[[ SOURCE RECORDS open ]]

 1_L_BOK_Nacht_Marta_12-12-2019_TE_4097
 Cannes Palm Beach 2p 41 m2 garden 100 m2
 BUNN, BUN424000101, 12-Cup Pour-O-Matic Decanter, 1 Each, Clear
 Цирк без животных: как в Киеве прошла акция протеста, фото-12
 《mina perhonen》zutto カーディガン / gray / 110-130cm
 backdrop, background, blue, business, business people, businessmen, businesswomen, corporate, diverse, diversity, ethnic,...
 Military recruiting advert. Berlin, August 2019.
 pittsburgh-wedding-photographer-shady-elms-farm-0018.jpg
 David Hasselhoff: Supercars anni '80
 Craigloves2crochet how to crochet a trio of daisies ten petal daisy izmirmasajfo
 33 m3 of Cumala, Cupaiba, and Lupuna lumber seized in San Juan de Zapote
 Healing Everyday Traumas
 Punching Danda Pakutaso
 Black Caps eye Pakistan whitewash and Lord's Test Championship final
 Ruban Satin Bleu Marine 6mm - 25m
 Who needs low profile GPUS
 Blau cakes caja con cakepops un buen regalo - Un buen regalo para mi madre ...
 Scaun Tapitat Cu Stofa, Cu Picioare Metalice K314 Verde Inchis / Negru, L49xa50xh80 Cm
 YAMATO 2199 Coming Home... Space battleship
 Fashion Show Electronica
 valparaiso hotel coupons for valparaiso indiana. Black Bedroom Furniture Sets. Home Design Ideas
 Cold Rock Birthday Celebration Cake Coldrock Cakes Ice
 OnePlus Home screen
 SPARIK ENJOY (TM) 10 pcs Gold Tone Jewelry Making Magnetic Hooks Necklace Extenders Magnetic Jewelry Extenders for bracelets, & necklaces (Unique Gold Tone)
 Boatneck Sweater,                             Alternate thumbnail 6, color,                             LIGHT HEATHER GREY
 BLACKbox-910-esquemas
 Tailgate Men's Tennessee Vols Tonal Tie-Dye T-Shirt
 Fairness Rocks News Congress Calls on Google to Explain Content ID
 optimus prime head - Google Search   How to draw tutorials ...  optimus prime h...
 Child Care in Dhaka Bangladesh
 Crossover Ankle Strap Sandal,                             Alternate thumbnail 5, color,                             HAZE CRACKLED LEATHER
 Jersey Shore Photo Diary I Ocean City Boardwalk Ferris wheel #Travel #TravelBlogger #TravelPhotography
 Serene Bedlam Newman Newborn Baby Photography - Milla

[[ SOURCE RECORDS closed ]]

**TASK REQUIREMENTS**
Each line in the data where the string "Home" occurs should be identified and copied.

**RESULT OF THE TASK**
 YAMATO 2199 Coming Home... Space battleship
 valparaiso hotel coupons for valparaiso indiana. Black Bedroom Furniture Sets. Home Design Ideas
 OnePlus Home screen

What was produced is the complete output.